WOMEN considering pregnancy should be made aware of the risks associated with cytomegalovirus infection and the need for infection control, according to experts commenting on new research in the MJA.
Professor Bill Rawlinson, director of virology at South East Area Laboratory Services microbiology department, said everyone was aware of Down syndrome and cystic fibrosis, but CMV was just as common and could have devastating consequences.
Professor Rawlinson was senior author of the research paper, which found that congenital CMV is underdiagnosed and infrequently treated. The researchers used data from the Australian Paediatric Surveillance Unit (APSU) from 1999 to 2009. (1)
Over the 10-year period, only 363 cases of congenital CMV were reported to the APSU, well below the predicted annual incidence of 150 clinically infected infants, which was based on a CMV birth prevalence of around 0.64% and 285 000 annual births.
Of these 363 cases, 195 were classified as definite or probable congenital CMV. Sensorineural hearing loss was present in 51 infants, and was the sole presenting feature in 34 infants. More than half the 195 infants with congenital CMV had neurological abnormalities.
Common clinical features included hepatomegaly (present in 28% of the 195 infants with congenital CMV), splenomegaly (26%) and intracranial calcification (18%) .
Professor Rawlinson called for a cost-benefit assessment of a CMV screening program in Australia. His preferred model was screening of infants with sensorineural hearing loss or other conditions suggestive of CMV because screening all infants would probably not be cost-effective.
Newborn hearing screening has recently been introduced in most Australian states, enabling identification of a population with high CMV-incidence.
Professor Rawlinson said antiviral treatment had been shown to be effective only in babies with neurological disease, and the benefit of antivirals in babies with less severe disease was not as clear, but research was underway.
The MJA paper said the cost-effectiveness of introducing CMV screening “urgently needs to be determined”.
Professor Rawlinson said there was also a need for improved awareness of CMV infection among pregnant women and those considering pregnancy.

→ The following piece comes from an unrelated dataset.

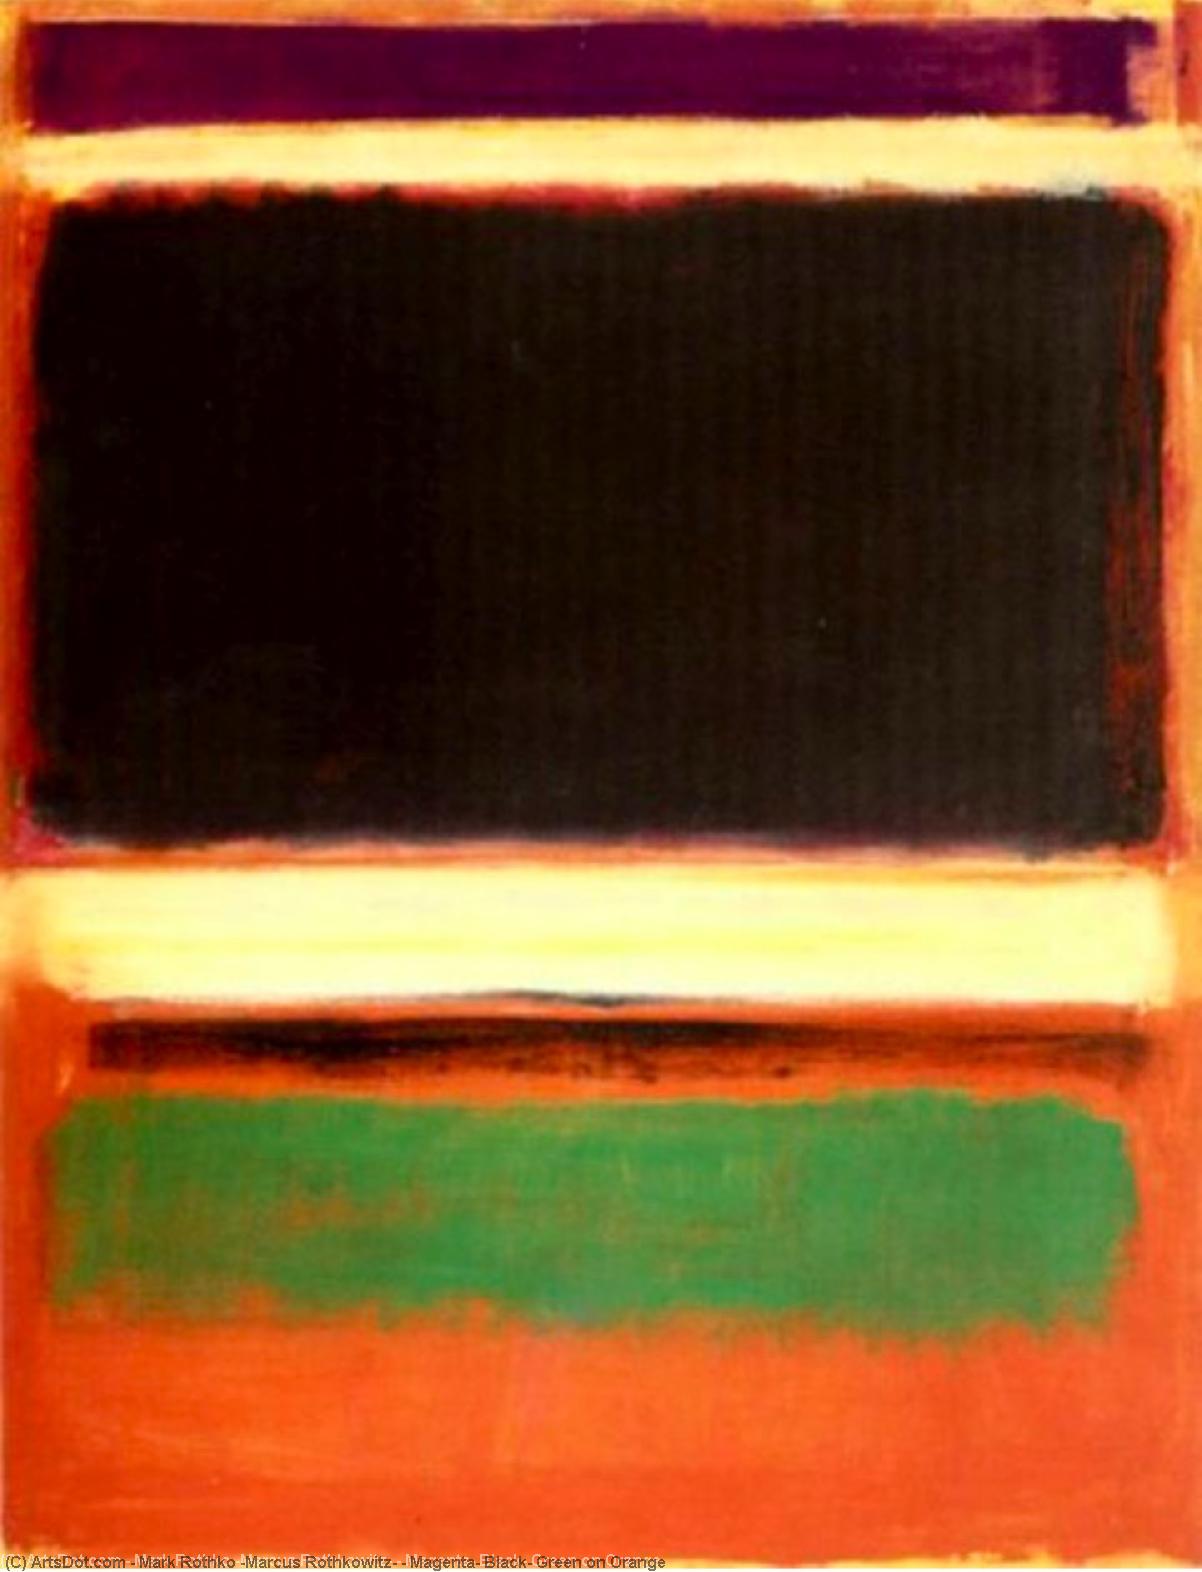 Wikioo.org - Bách khoa toàn thư về mỹ thuật - Vẽ tranh, Tác phẩm nghệ thuật Mark Rothko (Marcus Rothkowitz) - Magenta, Black, Green on Orange

Dr Greg Kesby, a Sydney-based obstetrician and spokesman for the Royal Australian and New Zealand College of Obstetricians and Gynaecologists, agreed there was a need for improved awareness, particularly around infection control.
Dr Kesby and Professor Rawlinson agreed that pre-pregnancy testing to identify women who had not previously had the virus could be particularly useful. These women could then be targeted for education on infection control to minimise their risk of CMV infection while pregnant. There is only a very small risk of CMV recurrence in women who have had the virus.
Infection control strategies to prevent CMV included wearing gloves when changing nappies, avoiding childcare centres, and vigilant hand washing.
“One US study shows that if a mother just knows that she is at risk then she is likely to modify her behaviour and reduce her risk of CMV by half”, Professor Rawlinson said.
Dr Kesby said that any educational activities needed to be balanced with the need to avoid raising unnecessary alarm among pregnant women, especially because prenatal CMV testing raised various treatment dilemmas. For instance, there was currently no effective prenatal treatment for CMV (although a vaccine is in development). Testing also had a high false-negative rate, and relied on amniocentesis which had a risk of miscarriage.
Dr Kesby said some of his patients who were planning pregnancy took extreme measures to avoid contracting CMV during their pregnancy.
“They tried to find scenarios where they can get infected before they fall pregnant because they’re so scared about the whole thing.”